その自分ですら何かに支えられなければ生きて来れなかった。
「辛かったら叫べよ。迷ったら誰かに相談しろ。俺はお前みたいに智恵はないが、一緒に悩んでやるくらいは出来る」
年齢を重ねる事に辛い、苦しいと叫べなくなる。
だからこそ、大人の方が支えが必要な時があるのだ。
斎を甘やかすことが出来るのは太一だけだろう。
「ただ一つだけ聞きたい」
「何ですか?」
「お前何で明弥を襲わせたかどうかちゃんと否定しなかったんだ?」
襲っていない、そう聞こえるような言葉を言ったが、自分の指図ではないと最後まで言わなかった。
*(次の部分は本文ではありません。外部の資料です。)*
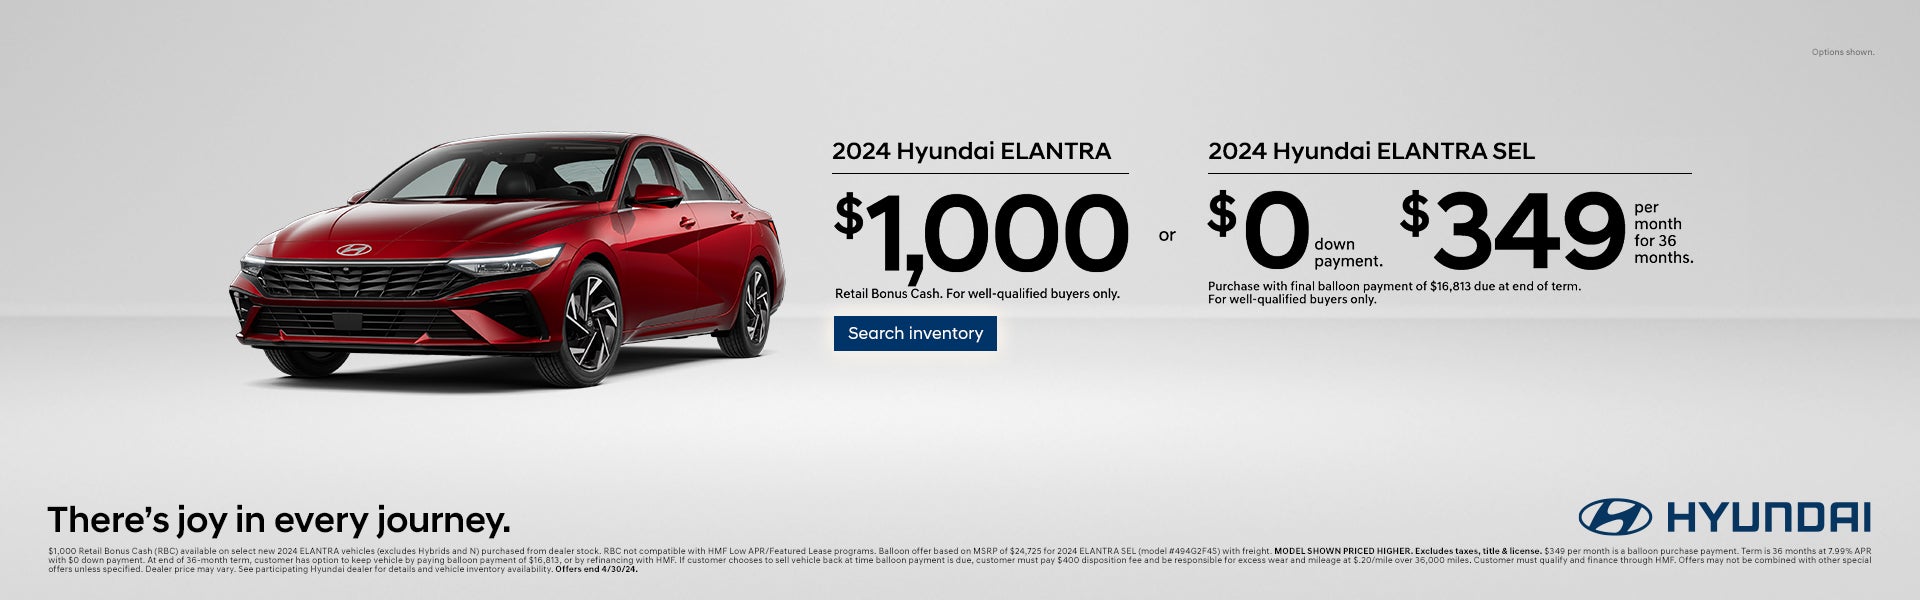 2024 Hyundai Elanta Offer

ちゃんとした否定の言葉は彼の口からは出てこなかったのだ。
斎はにこりと笑う。
「………明弥君の側にいてあげて下さい」
答えにならない答え。
それが全てなのだと太一は悟った。
「それで、いいんだな?」
「はい。それが私の甘えです」
太一は暫く彼の瞳を見つめた。
彼の瞳は他の日本人よりも色素が薄い。僅かながら左右の目の色も違う。光彩異色症という病気なのだ。
この目には邪眼と呼ばれる力が宿っている。
光彩異色症という病気がそうしたのか、邪眼の力が強すぎて光彩異色症になったのかは知らない。
その眼には人に暗示をかける能力がある。彼が力を使い命じたならば意志の弱い人間は簡単に操られてしまうだろう。
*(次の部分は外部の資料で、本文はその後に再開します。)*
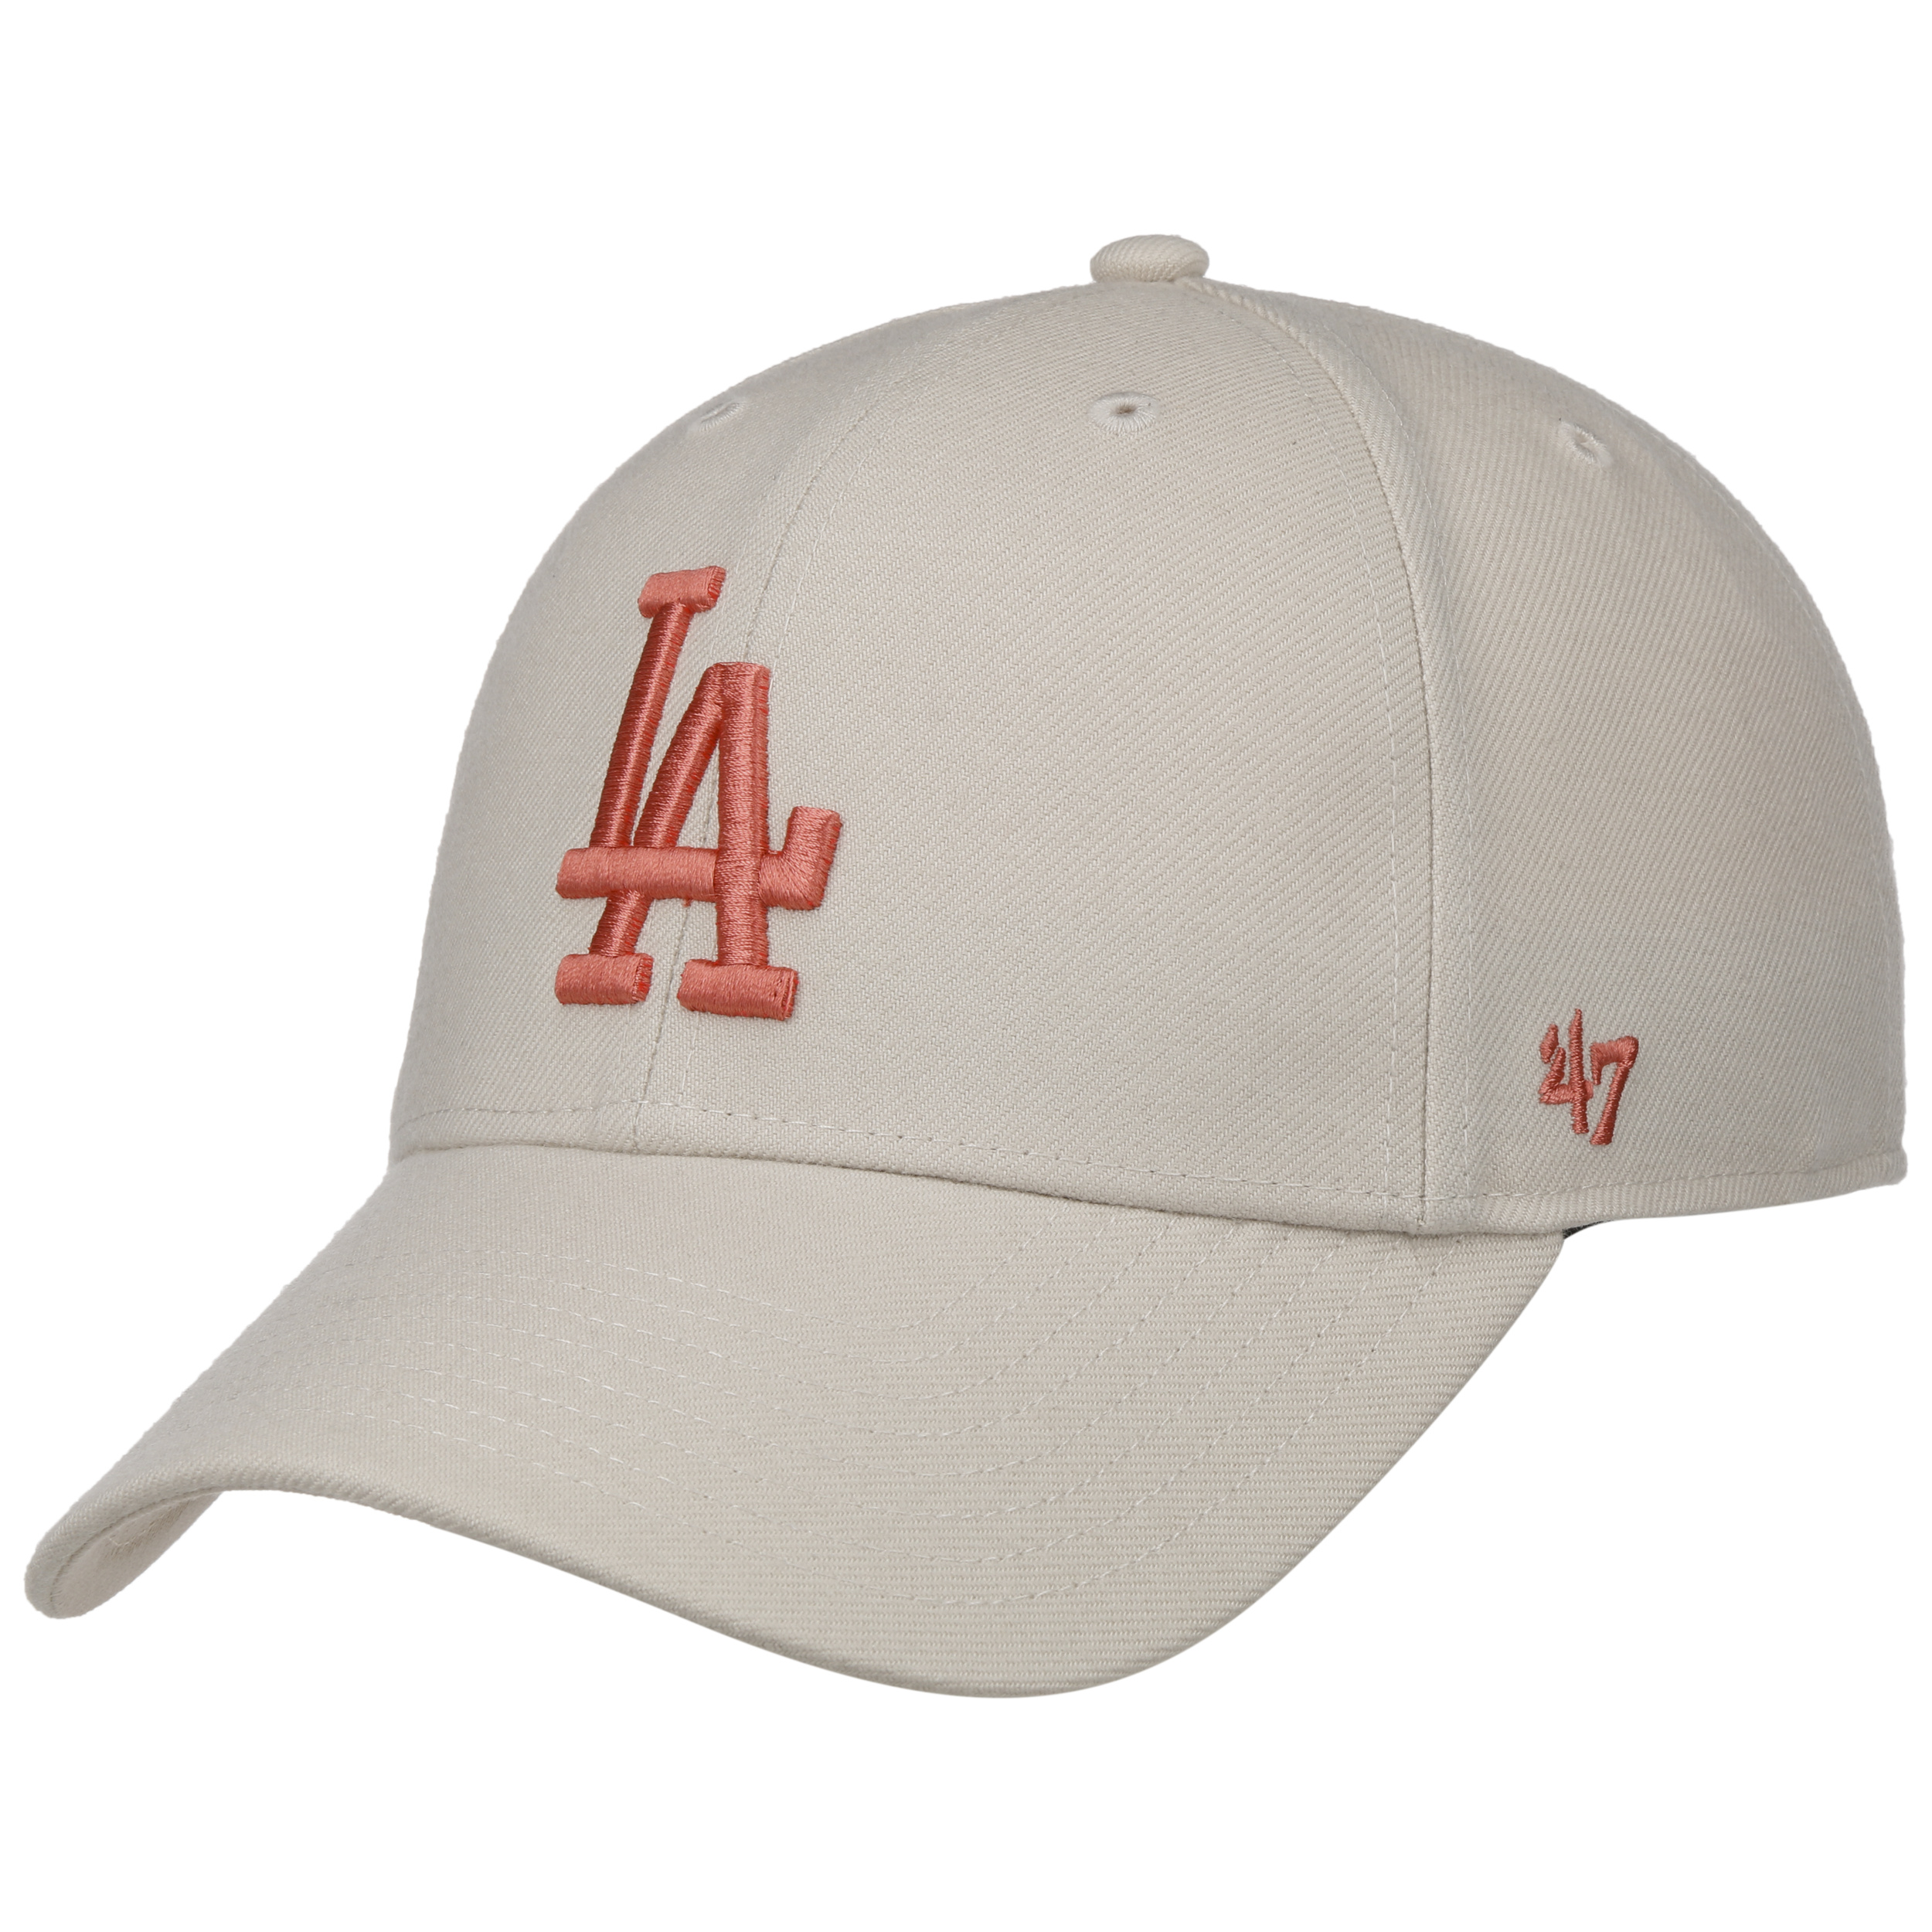 MLB Ladies Hat, Ladies Snapback, MLB Caps

能力を持ちながらも彼はその力を簡単に振るったりはしない。
力の恐ろしさを知っているからだ。
だから一度も太一に対してその能力を使ったことがなかった。そして、これからも使うことはないだろう。
それが、なによりの信頼。
「分かった」
太一は頷く。
「鈴華の見舞いに行ってくる。何かあったら呼べよ」
「はい、ありがとうございます」
笑顔での言葉を聞いて太一は明弥達を追いかけるためにエレベータに乗った。
あの笑顔の下にまだどれだけのものを隠しているのだろう。
太一は息を吐いて自分の頬を叩いた。
大切なものが多すぎて、何を一番に護りたいのかが分からない。
今は斎の言うように明弥の側にいる方がいいのだろう。
深い溜息が自然とこぼれ落ちた。
迷いを断ち切るように、再び頬を強く叩く。
ぱしん、と小気味のいい音がエレベーターの中に響いた。